Description Patrik Jakobsson 2013-09-30 07:05:58 UTC
Some Macbook Air 6,2 (2013) models come with a Marvell SATA controller (0x9183) for the PCIe connected SSD. The libahci module loads properly and everything is fine after booting but after resuming from suspend it starts spitting out:

[  882.692469] ata1: SATA link up 1.5 Gbps (SStatus 113 SControl 310)
[  882.693016] ata1.00: unexpected _GTF length (8)
[  882.693524] ata1.00: unexpected _GTF length (8)
[  882.693575] ata1.00: configured for UDMA/33
[  882.693622] ata1: EH complete
[  882.793794] ata1: exception Emask 0x10 SAct 0x0 SErr 0x10000 action 0xe frozen
[  882.793798] ata1: irq_stat 0x00400000, PHY RDY changed
[  882.793799] ata1: SError: { PHYRdyChg }
[  882.793803] ata1: hard resetting link

After some time performance degrades to unusable levels and a reboot is required. It seems to try tuning down the link speed and eventually lands on 1.5 Gbps. I've tried adding the device as a "board_ahci_yes_fbs" but that didn't help. I've tried "skip_host_reset" but still nothing.

Any help appreciated

Thanks
Patrik Jakobsson
Comment 1 Patrik Jakobsson 2013-09-30 07:07:03 UTC
Created attachment 109991 [details]
dmesg after a suspend/resume
Comment 2 Tejun Heo 2013-09-30 19:14:58 UTC
Hello, Patrik.

Can you please do "echo min_power > /sys/class/scsi_host/host0/link_power_management_policy" before suspend and see whether anything changes?

Thanks.
Comment 3 Patrik Jakobsson 2013-09-30 21:38:20 UTC
Hi Tejun

Success!

Setting min_power before suspend makes the error go away. Sadly pm-utils sets max_performance so it needs to be configured and for some reason it doesn't take my /etc/pm/config.d/sata_alpm into account. I ended up copying /usr/lib/pm-utils/power.d/sata_alpm to /etc/pm/power.d and forcing it to min_power. Also added a link to it in /etc/pm/sleep.d/ so it sets min_power before suspend.

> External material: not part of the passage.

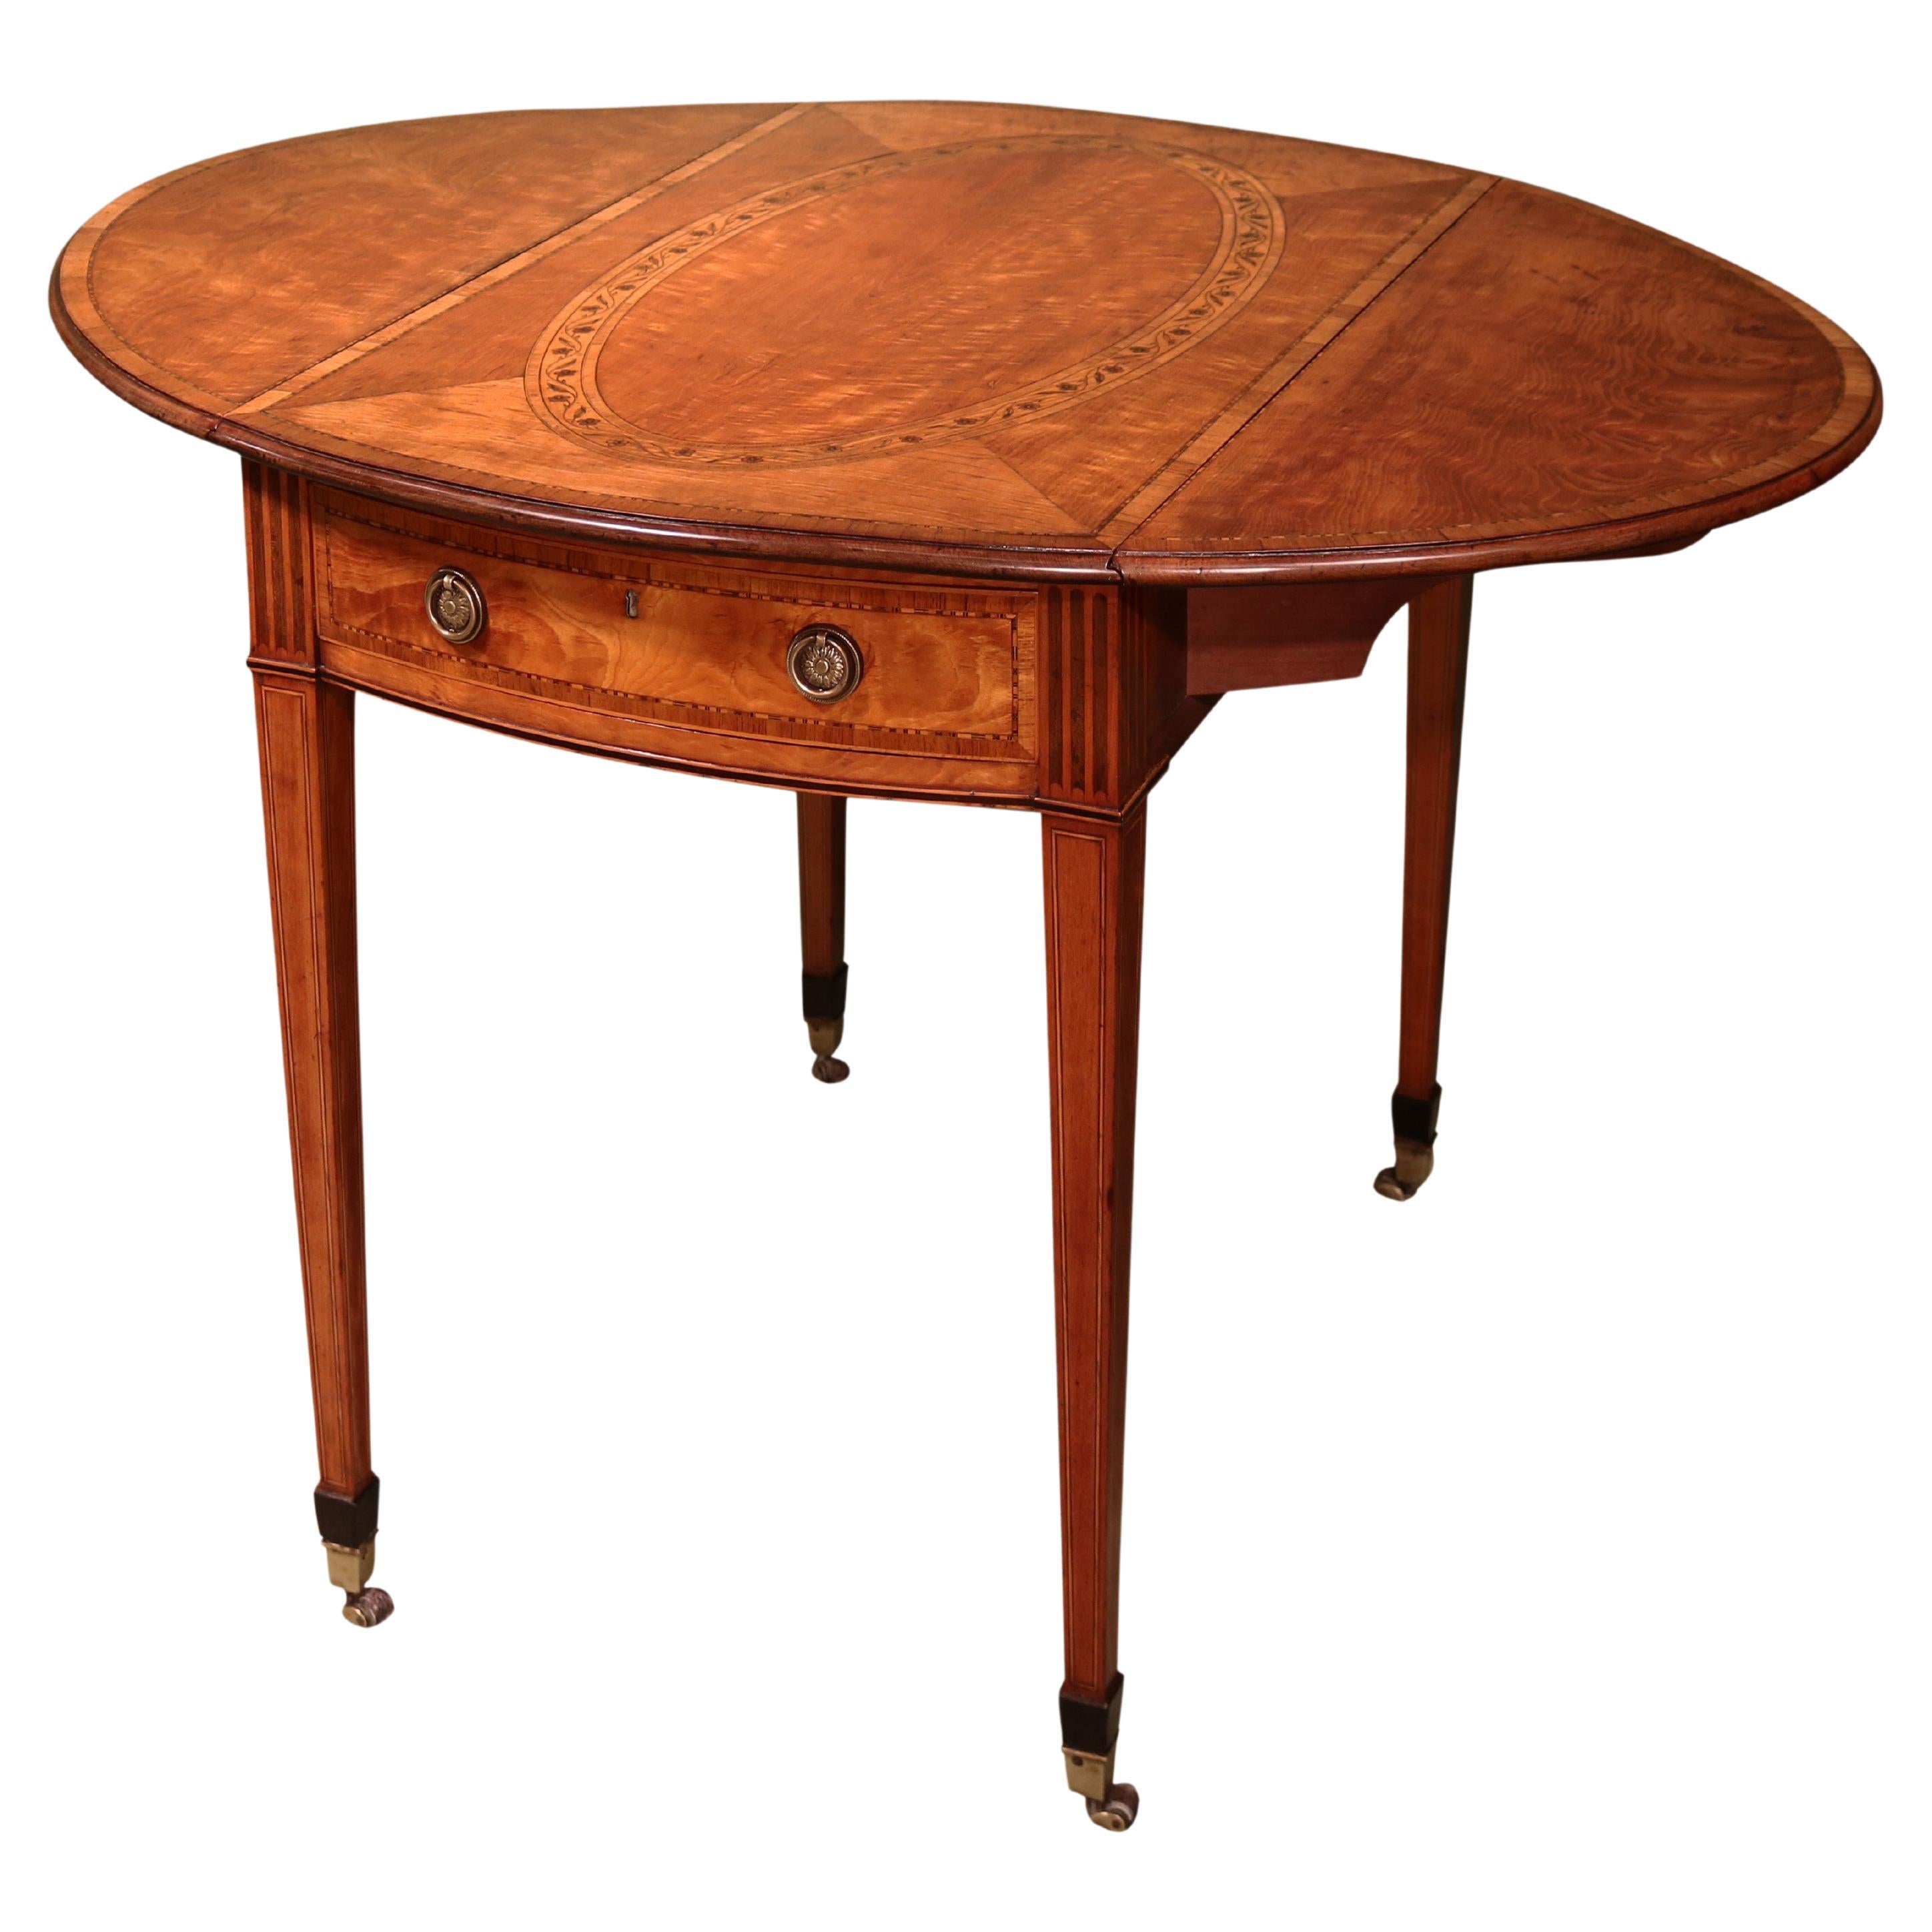 Antique George III period satinwood oval Pembroke Table

Strangely the SATA device randomly appears on /sys/class/scsi_host/host0 and ../host1 but I just set them both (the other is USB) and that works fine.

Thanks
Patrik
Comment 4 Tejun Heo 2013-09-30 21:47:14 UTC
So, when the machine boots up libata doesn't touch the LPM setting and just considers it "max_performance", which may or may not be true. I think it'd work the same if you just set the lpm knob to max_performance explicitly. The problem is that your BIOS is most likely configuring DIPM on both the device and host sides during boot; however, after coming back from suspend, the device side seems to be configured but the host side isn't, so the device's LPM operations register as link events to the controller leading to the spurious failures.

Maybe we should set max_performance mode explicitly during boot requiring the user to explicitly set min_power mode if [s]he wants to but then we might cause power regression on some setups.

Anyways, can you please verify echoing max_performance also makes the issue go away?
Comment 5 Patrik Jakobsson 2013-09-30 23:02:29 UTC
Here are all the test cases:

After boot: LPM policy reports max_performance and min_power and max_performance can be switched back and forth without any errors.

Before suspend: If I don't touch LPM policy after boot (still reporting max_performance) I can successfully suspend and LPM policy still reports max_performance (though probably incorrect) after resume.

Before suspend: If I explicity set max_performance after boot and go into suspend it fails. If I set min_power back in this state, the errors stop.

Before suspend: If I explicity set min_power after boot and go into suspend it succeeds.

So I must either never touch the LPM policy or set it to min_power to not get the errors on resume. min_power seems to be what the hardware is set to but doesn't get reported correctly (as you say) until I've actually set it to something.
Comment 6 Tejun Heo 2013-10-01 14:44:21 UTC
So, if you set "max_performance" explicitly, it works fine before suspending but after resuming it causes problems? What happens if you set "max_performance" explicitly instead of "min_power" after resume while the errors are happening? Does that resolve the issue too?

Thanks.
Comment 7 Patrik Jakobsson 2013-10-03 01:40:10 UTC
> So, if you set "max_performance" explicitly, it works fine before suspending
> but after resuming it causes problems?

Yes, the only time I can set max_performance without getting errors is before first suspend.

> What happens if you set "max_performance" explicitly instead of "min_power"
> after resume while the errors are happening? Does that resolve the issue too?

Setting max_performance explicitly after resume doesn't help. And if I first set min_power after resume to stop the errors and then try max_performance again, it will start spitting out errors again.
Comment 8 Lionel Landwerlin 2013-12-26 14:29:09 UTC
*** Bug 67721 has been marked as a duplicate of this bug. ***